The new U

Ian Blum

I saw this walking out of my night class on The Biology of Brain and Behaviour. The light reflecting off the open architecture, setting sun, and lone chair passed through my cornea and projected onto my retinas. My cones then converted these photons into chemical energy which excited my ganglion cells. These in turn caused action potentials that traveled down my two optic nerves to converge, and cross, at the optic chiasm. The right side of the scene traveled to my left occipital lobe and the left side of the scene traveled to my right occipital lobe. This information then projected through the laternal geniculate nuclei and onto my primary visual cortex.

Once a conscious image was formed the electrical signals quickly spread along two separate pathways. The ventral stream leading to the temporal lobe allowed me to recognize the colour of the sunset, name the building, and decide the funny thing with four legs was called a chair. The dorsal stream leading to the parietal lobe allowed me to perceive the motion of the clouds, interpret the motion of my own body, and walk over to pick up the chair. Placing it like it is seen here.

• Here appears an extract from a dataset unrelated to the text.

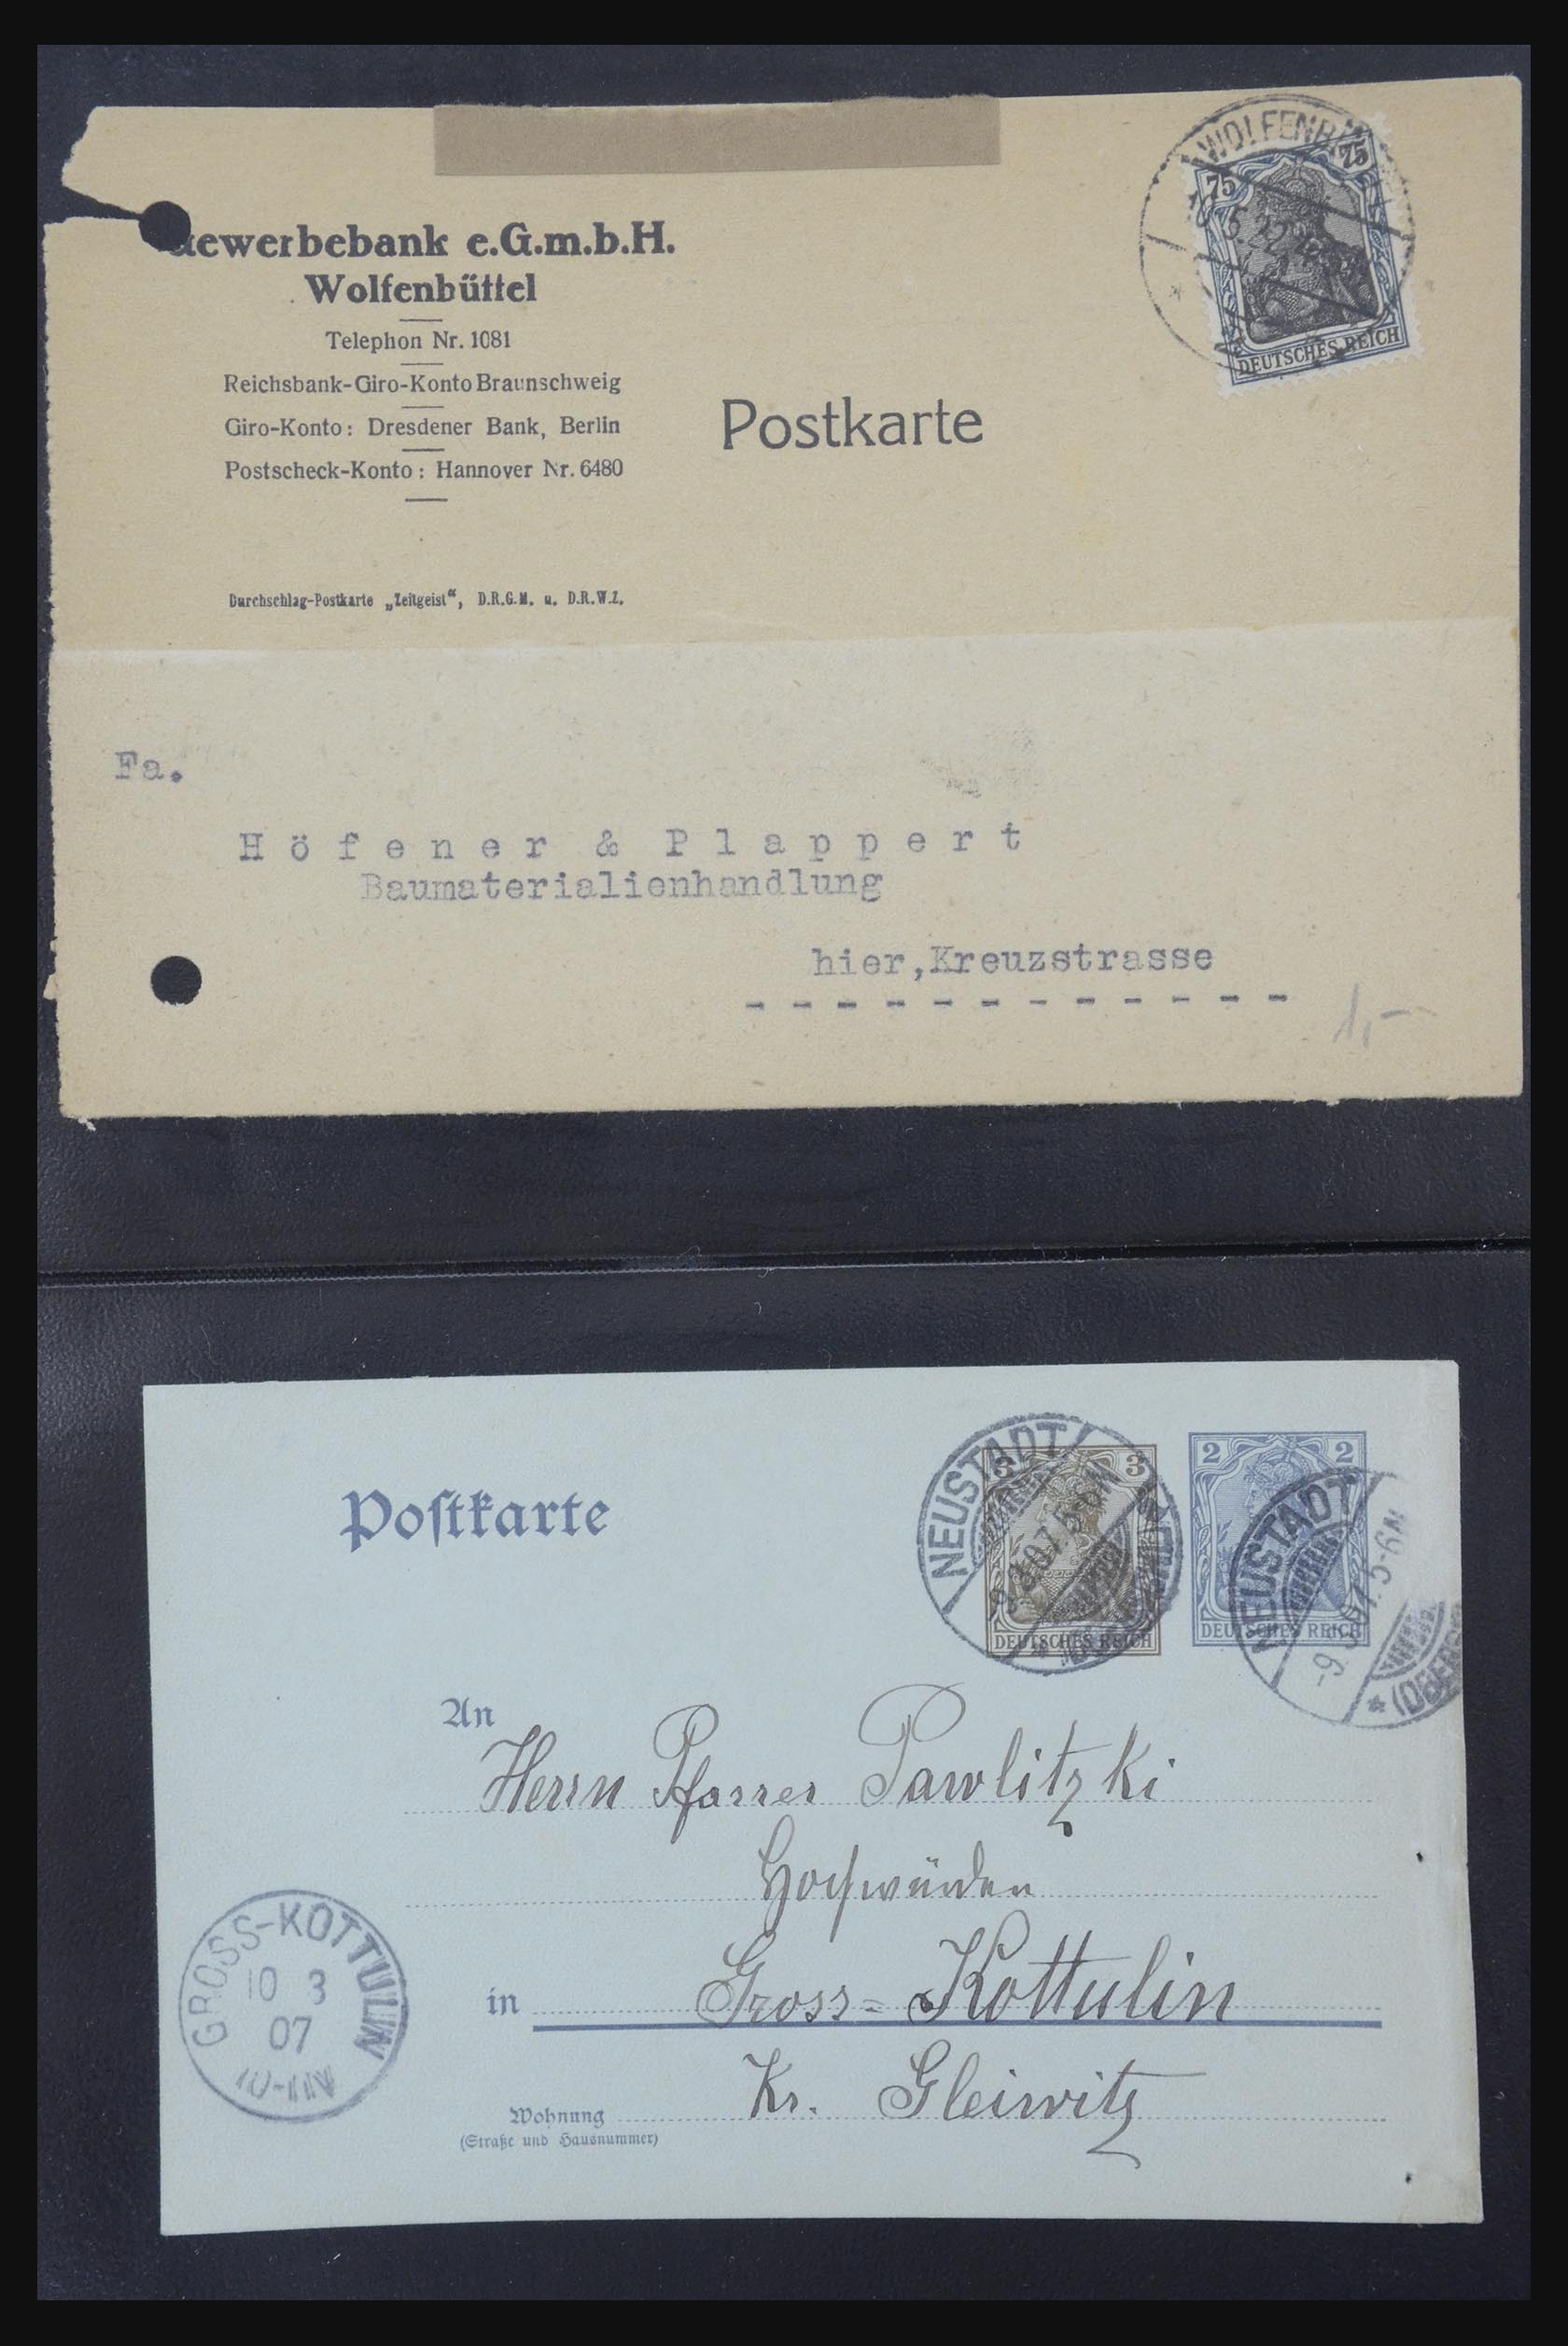 31952 415 - 31952 German Reich cards.

After integrating all of this information yet another set of signals reached my prefrontal cortex where I began planning the shot. Once I had a firm idea of how I wanted it to look this information traveled back along the top of my head through the premotor cortex, which sequenced my actions, and then moved on to the primary motor cotex. This resulted in me removing my camera from my bag, removing the lens cap, turning on my camera, focusing and composing this shot, taking a meter reading, adjusting the aperature, then depressing the shutter. Of course it takes both hemispheres to do this, the right to control my left hand and the left to control my right hand.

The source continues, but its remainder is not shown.